Cutting the state’s greenhouse gas emissions relies on major energy efficiency measures because about 60 percent (PDF) of the state’s greenhouse gas emissions come from buildings and transportation. In other words, the majority of California’s electricity could come from wind and solar, but it wouldn't do much to cut emissions from the biggest sources — tailpipes and inefficient buildings.

The state is aiming to cut its greenhouse gas emissions to 40 percent below 1990 levels by 2030. That target, announced by Gov. Jerry Brown last week, will put the state on a path to cut emissions to 80 percent below 1990 levels by mid-century, partly by using renewables to generate half of its electric power supply.

Chris Busch, research director for San Francisco energy and environmental policy firm Energy Innovation, said that while renewables are crucial, they are among a mix of things California needs to do to meet its greenhouse gas emissions target, including switching electric power plant fuel from coal to natural gas, greater use of electricity and more energy efficiency across all sectors.

Those other measures are important because without them, California could get all of its electricity from renewable resources yet still not meet its greenhouse gas emissions target because they wouldn't be doing anything to slash emissions from the largest sources, California Public Utilities Commission President Michael Picker said.

The overall energy efficiency of those buildings would need to be doubled by 2030 and, in addition, half of all new water heaters and heating and air conditioning systems installed in homes would have to run on electricity, or many of those systems would have to operate on biogas from human and agricultural waste instead of natural gas, according to a report (PDF) by E3, one of the California state government’s energy and climate consulting firms.

Electrifying vehicles across California may be a key to reducing the state’s overall greenhouse gas emissions partly because renewables will produce more of the state’s power supply and electric vehicles are more energy efficient than gasoline vehicles.

The difference in efficiency is dramatic. Roughly 80 percent of the electrical energy supplied to an electric vehicle is used to power the car. In a gasoline vehicle, about 20 percent of the energy in a tank of gasoline is used to move the car. The rest is burned off as heat, Stanford University civil and environmental engineering professor Mark Z. Jacobson said.

California may need up to 8 million zero-emission vehicles or plug-in hybrid electric vehicles to ply its highways by 2030 to meet its emissions target, according to the E3 report. California has a long way to go to scratch the surface of that goal, however. About 127,000 plug-in electric vehicles have been sold in the state since 2011.   

Electric vehicles may come with an added benefit: helping state power regulators solve one of the biggest problems with renewables — the inability of solar and wind to produce power when the sun isn't shining or the wind isn't blowing.

Picker said the power grid needs to be managed to take advantage of renewables 24 hours a day using energy storage technologies, and one way to accomplish that is to use the batteries in electric vehicles as a giant fleet of solar power-storing batteries.

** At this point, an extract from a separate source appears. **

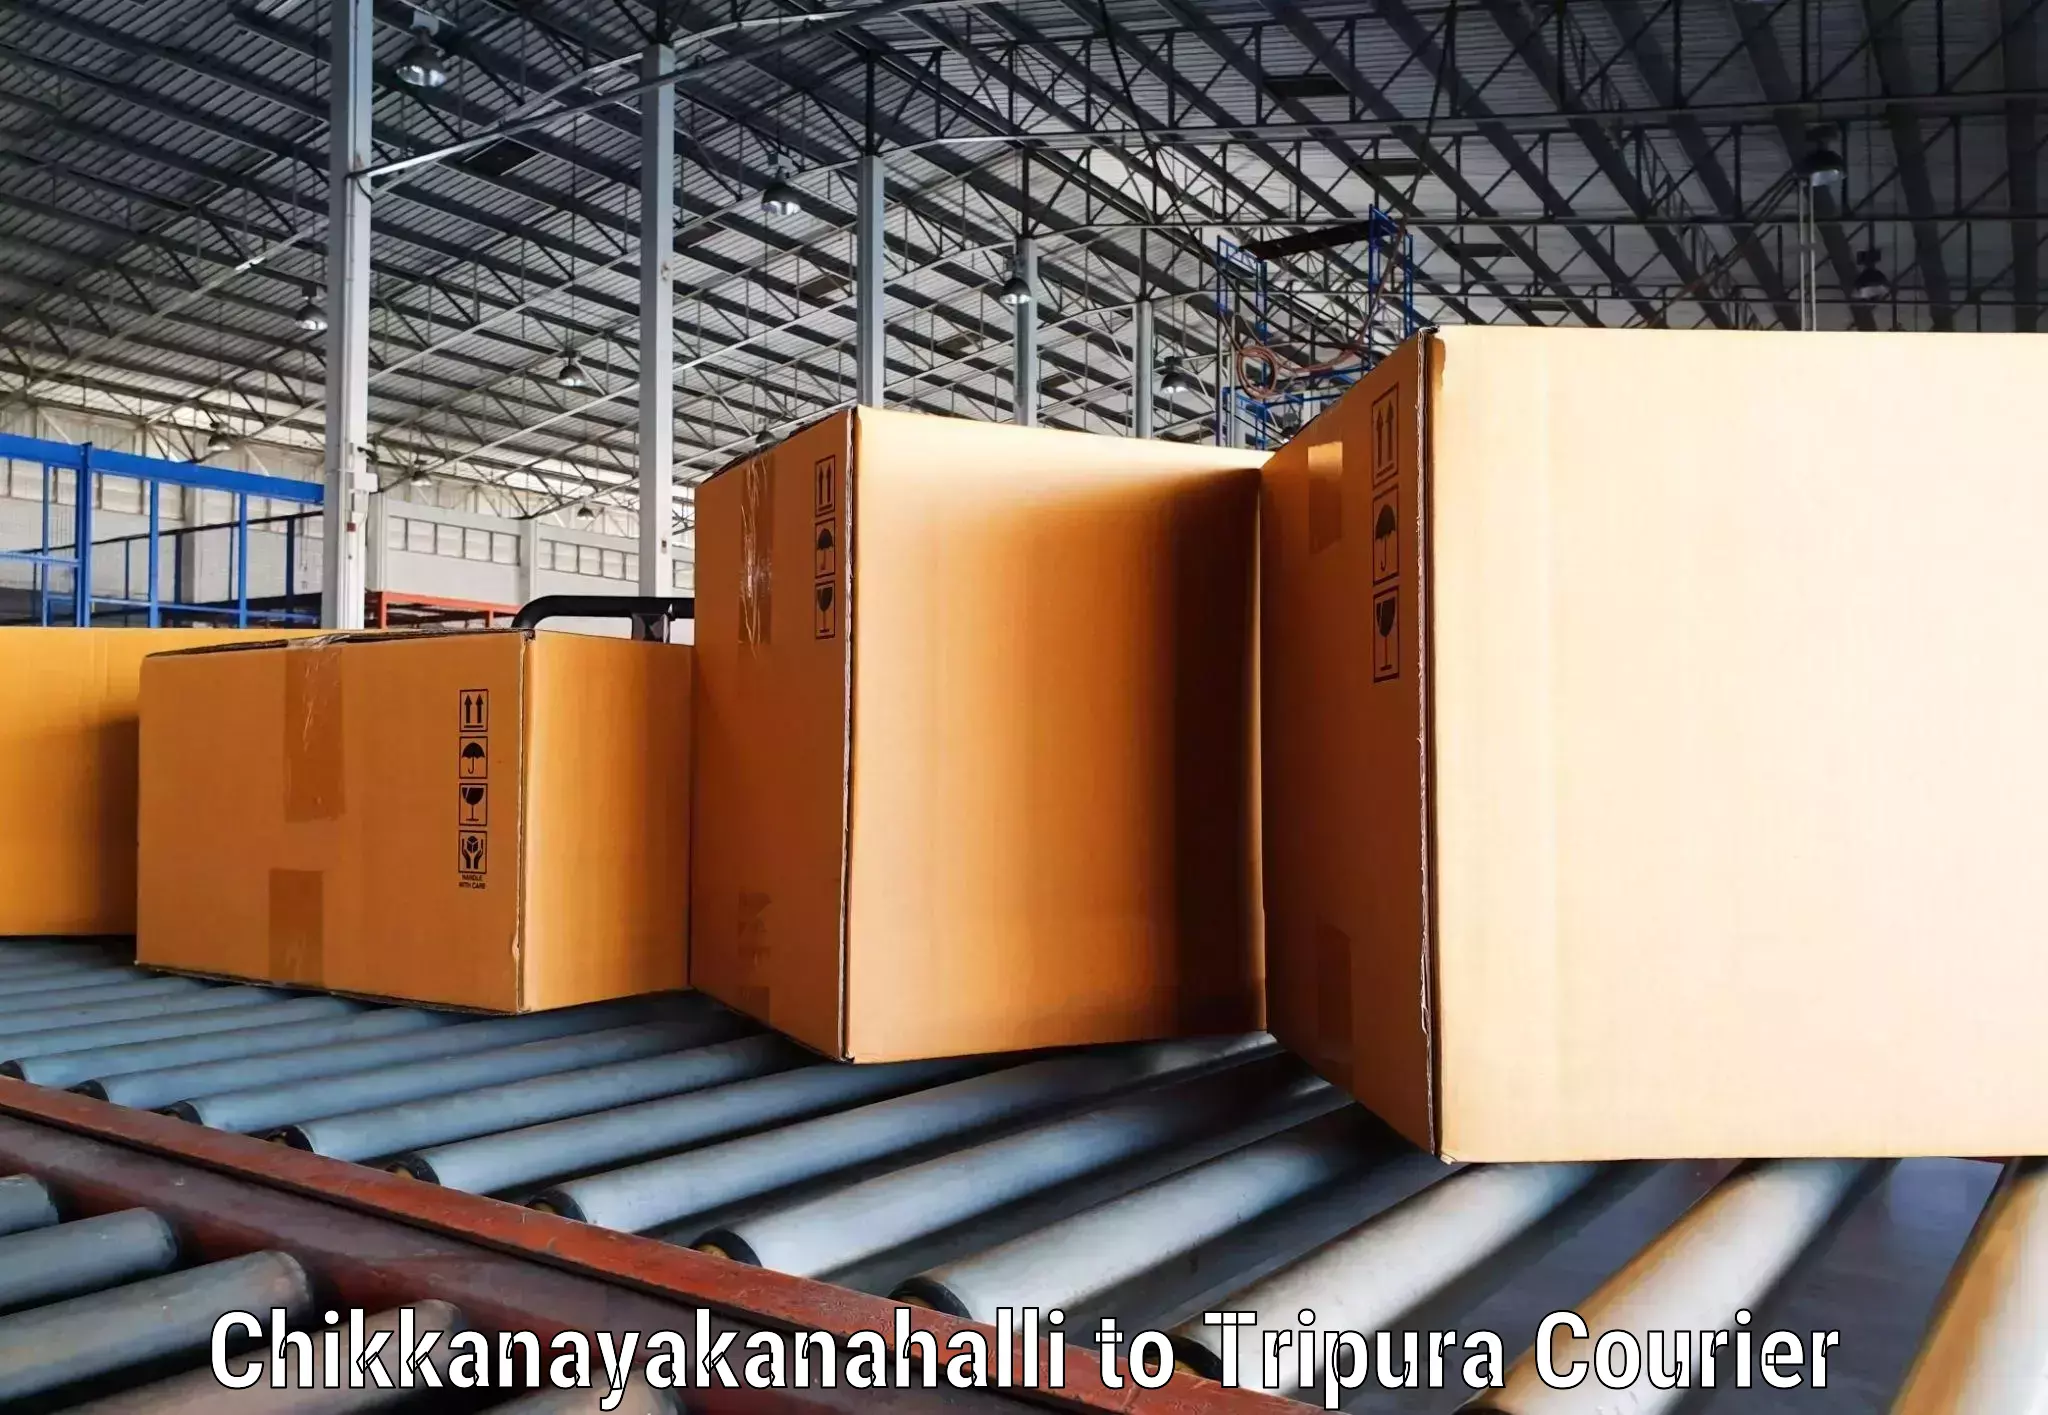 Efficient shipping operations Chikkanayakanahalli to Manughat

“What happens if we electrify the vehicle fleet? We’re going to create a new battery storage capacity for the entire state,” said David Roland-Holst (PDF), a University of California, Berkeley economics professor whose research focuses on studying how California can cut its greenhouse gas emissions.

If Californians charge their electric cars at work during the day using solar electricity from the grid, the electric vehicles’ battery packs could return the stored electricity to the grid when the cars are plugged in at home overnight, he said.

The bottom line for renewables in California is that they can’t reduce the state’s greenhouse gas emissions on their own, Picker said.

Greater electrification of transportation and improving power grid reliability as it handles more renewable are critical to meeting the state’s climate goals, he said.

Those measures will get the state to its goal of having 50 percent of its electricity supplied with renewables, Picker said. “One hundred percent is feasible, it just doesn't get us the same kind of greenhouse gas reductions we need to meet our goals.”